Le riz paddy italien chute de plus de 50% avec une hausse de 20% des importations
Les prix à la production du riz paddy italien ont chuté de plus de 50% pendant la campagne 2025-2026, tandis que les importations de riz étranger ont augmenté de 20%, selon Coldiretti. L’organisation réclame 12 millions d’euros pour acheter du riz italien, des contrôles d’origine renforcés et davantage d’aide face aux coûts élevés, à la sécheresse et à la concurrence asiatique.
Les importations accentuent la pression sur le riz paddy
Les prix à la production du riz paddy italien ont chuté de plus de 50% pendant la campagne commerciale 2025-2026, qui n’est pas encore terminée, tandis que les importations de riz étranger ont augmenté de 20%, selon l’organisation agricole Coldiretti. Celle-ci a soulevé le problème lors d’une réunion de la filière riz convoquée par le ministère italien de l’Agriculture, de la Souveraineté alimentaire et des Forêts, le Masaf.
Plus de 190 millions de kilogrammes de riz étranger sont entrés en Italie pendant la campagne, a indiqué Coldiretti. Quatre paquets importés sur cinq provenaient d’Asie. L’organisation estime que cette offre supplémentaire a contribué à la forte baisse des prix payés aux producteurs italiens, dont les marges sont également comprimées par l’augmentation des coûts de production.
Cette dégradation touche un pays producteur stratégique. L’Italie représente plus de 50% de l’ensemble de la riziculture européenne, selon Coldiretti. La baisse des prix à la ferme pourrait donc dépasser le cadre des exploitations individuelles et influencer les décisions de semis, les volumes transformés et la disponibilité de riz européen pour les rizeries et les acheteurs.

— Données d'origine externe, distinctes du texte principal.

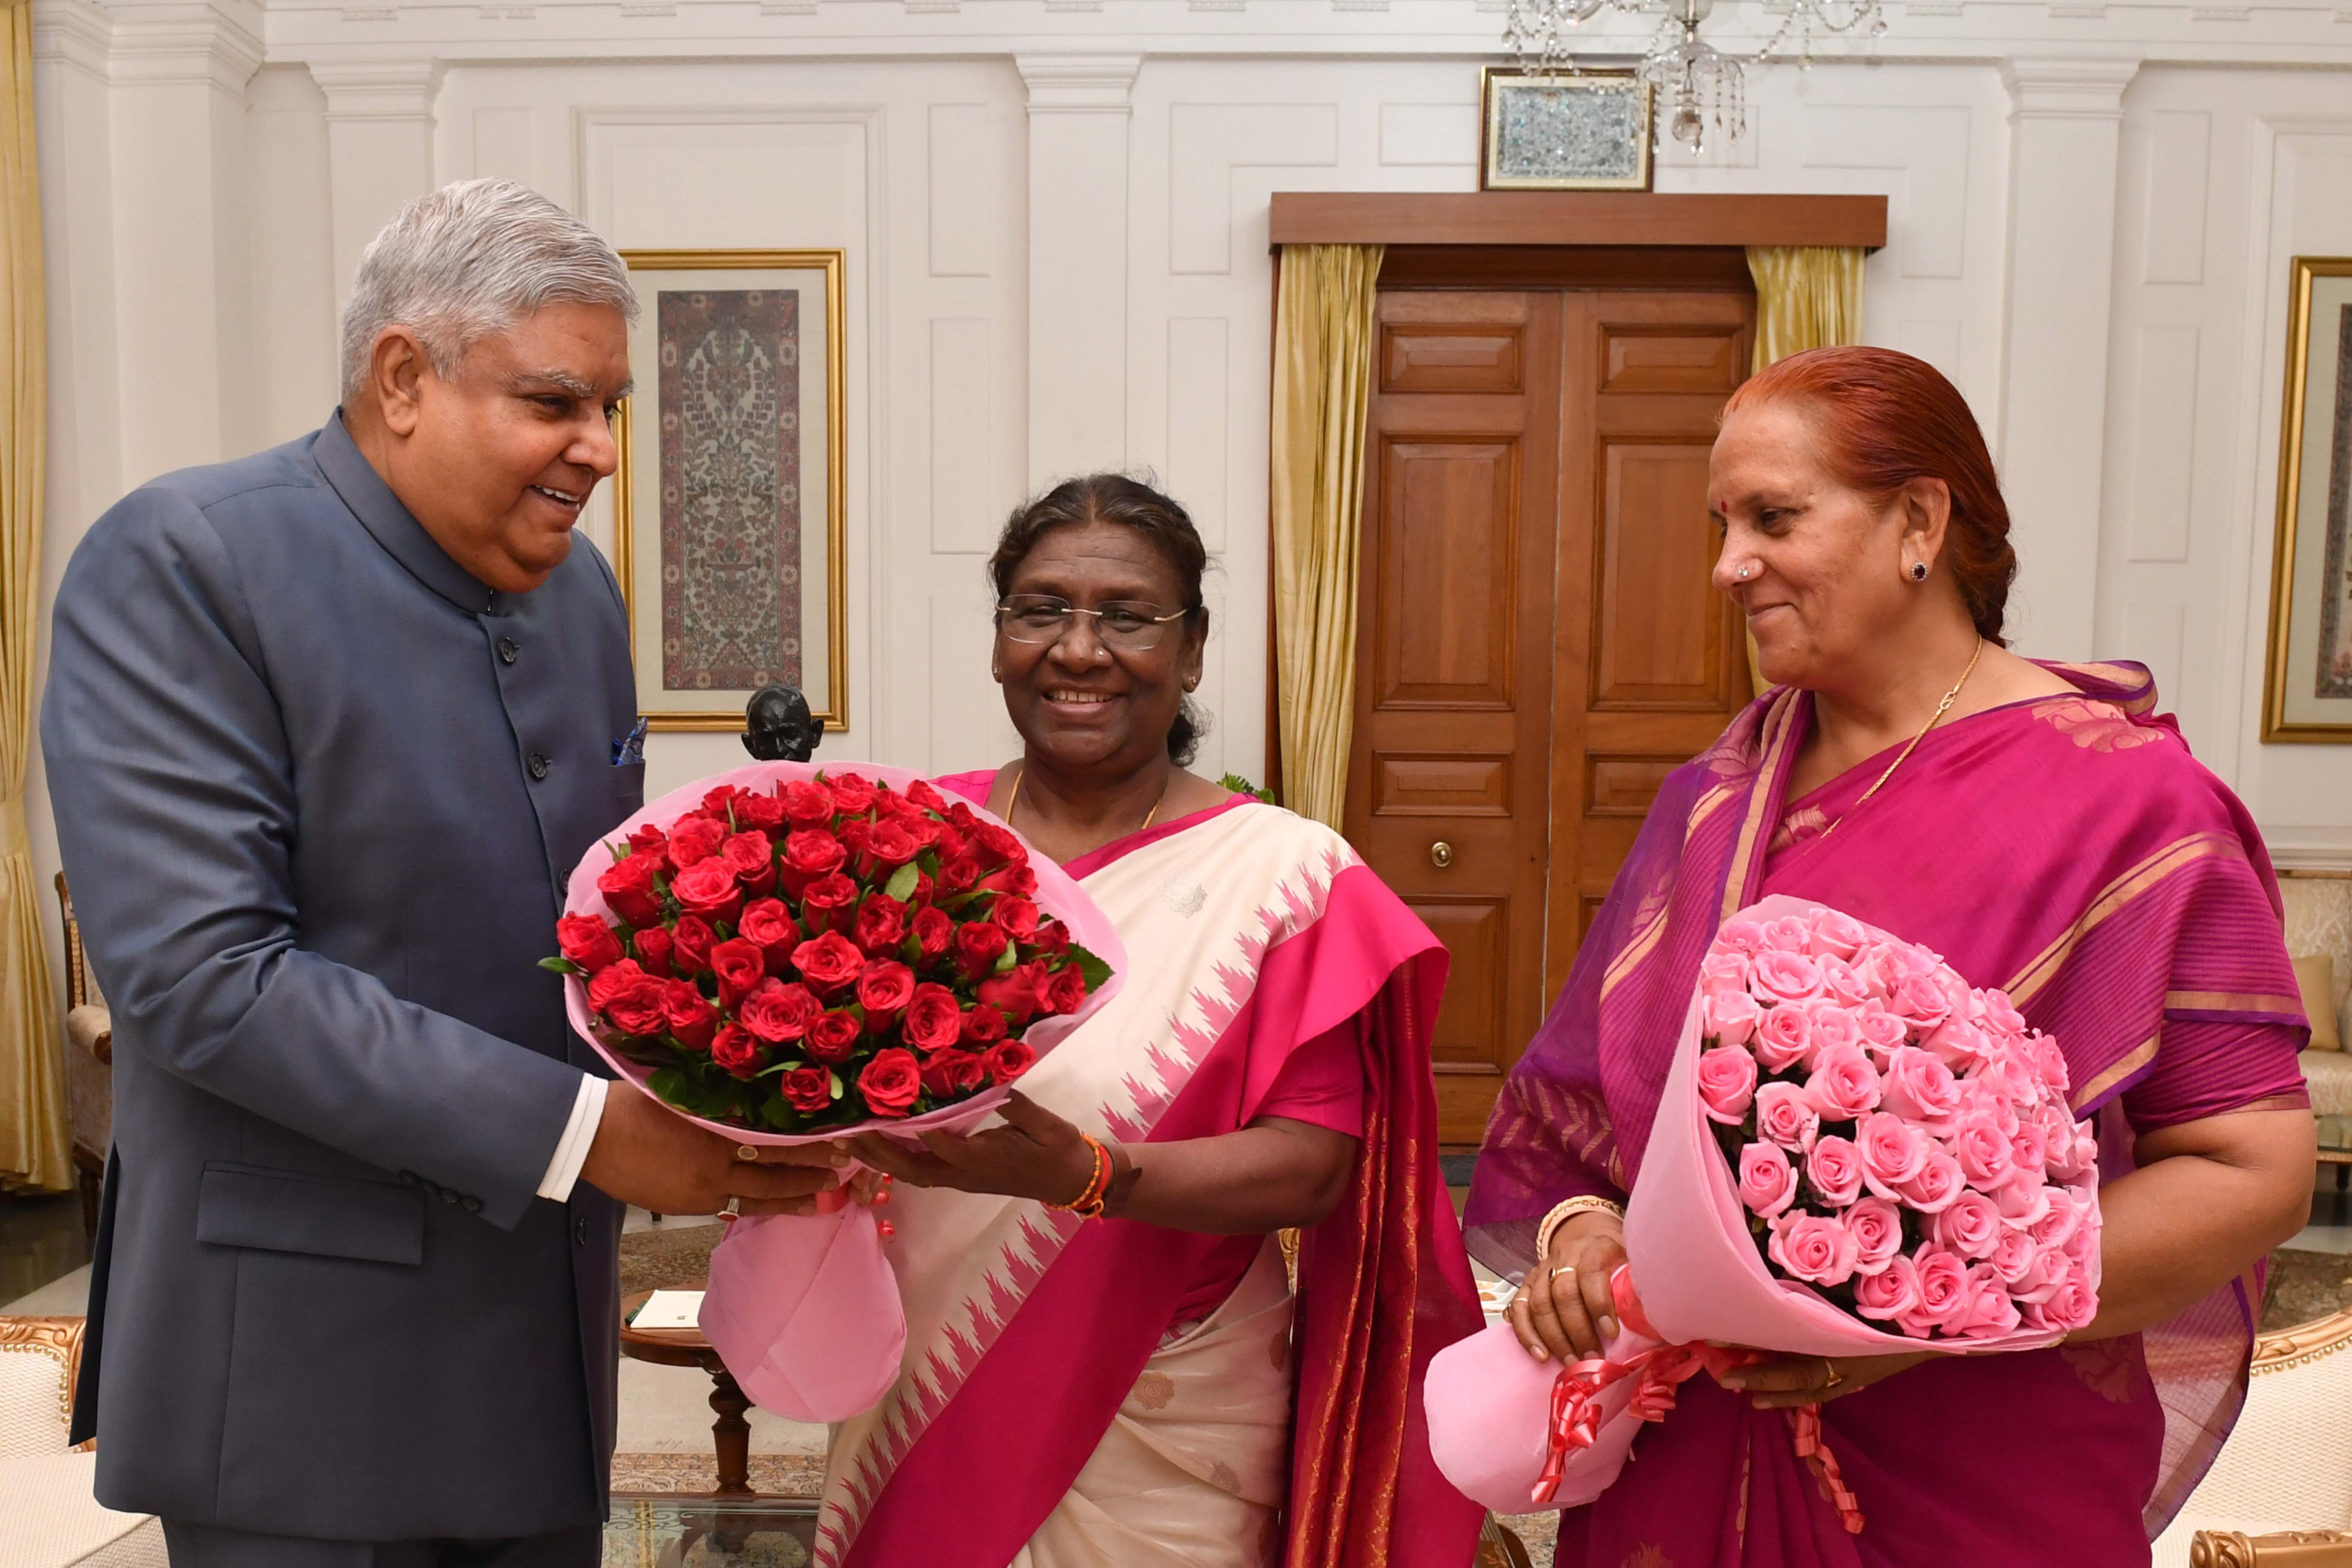 20 जून 2023 को उपराष्ट्रपति श्री जगदीप धनखड़ और उनकी धर्मपत्नी डॉ सुदेश धनखड़ ने राष्ट्रपति भवन पहुंचकर माननीय राष्ट्रपति श्रीमती द्रौपदी मुर्मू को उनके जन्मदिन पर शुभकामनाएं दी ।

La sécheresse aggrave la pression sur les exploitations
La progression des importations coïncide avec la chaleur et le manque d’eau dans les régions productrices italiennes. Coldiretti estime que les pertes de récolte pourraient dépasser 30% dans certaines zones. Les riziculteurs doivent ainsi supporter simultanément une baisse de la production, un recul des prix du paddy et des dépenses élevées, au lieu de bénéficier de cours plus fermes pendant une campagne difficile.
Coldiretti demande un plan de soutien extraordinaire. Sa proposition centrale porte sur un appel d’offres de 12 millions d’euros destiné à acheter du riz entièrement d’origine italienne pour le distribuer aux familles en difficulté financière. La mesure vise à soutenir les ménages vulnérables tout en créant une demande pour la production nationale et en renforçant le revenu des agriculteurs.
L’organisation réclame aussi des ressources régionales pour les entreprises rizicoles et un fonds consacré aux contrats de filière dans le cadre du Fonds italien pour la souveraineté alimentaire. À plus long terme, elle souhaite un plan national de réservoirs contre les crises hydriques, des investissements dans la recherche et les techniques d’évolution assistée, ainsi qu’un soutien renforcé au riz dans la future Politique agricole commune pour les exploitations investissant dans la qualité, l’innovation et la durabilité.
Contrôles d’origine et politique commerciale européenne
La vérification de l’origine constitue un autre volet du dispositif proposé. Coldiretti réclame des contrôles renforcés pour certifier le lieu de production du riz et empêcher les fraudes envers les consommateurs. Ses propositions comprennent la résonance magnétique, les cartes génomiques et la cartographie isotopique afin de différencier les produits et d’améliorer leur traçabilité.
En matière de commerce, l’organisation demande l’application du principe de réciprocité dans les accords avec les pays extérieurs à l’Union européenne. Coldiretti soutient que le riz importé peut être produit selon des règles environnementales, sanitaires et sociales très différentes de celles imposées aux agriculteurs italiens. Elle juge cette réciprocité nécessaire pour éviter une concurrence inégale, même si les documents fournis n’identifient pas précisément les origines asiatiques concernées et ne comparent pas leurs normes de production.
Les négociations d’un accord de libre-échange entre l’UE et la Thaïlande constituent une autre source d’inquiétude. La Thaïlande compte parmi les principaux exportateurs mondiaux de riz, et Coldiretti craint que l’accord n’ouvre davantage le marché européen. Pour les producteurs, transformateurs et négociants italiens, la question immédiate est de savoir si les achats de soutien et les contrôles d’origine pourront absorber une partie de la pression actuelle, tandis que la politique commerciale européenne déterminera l’exposition future au riz importé.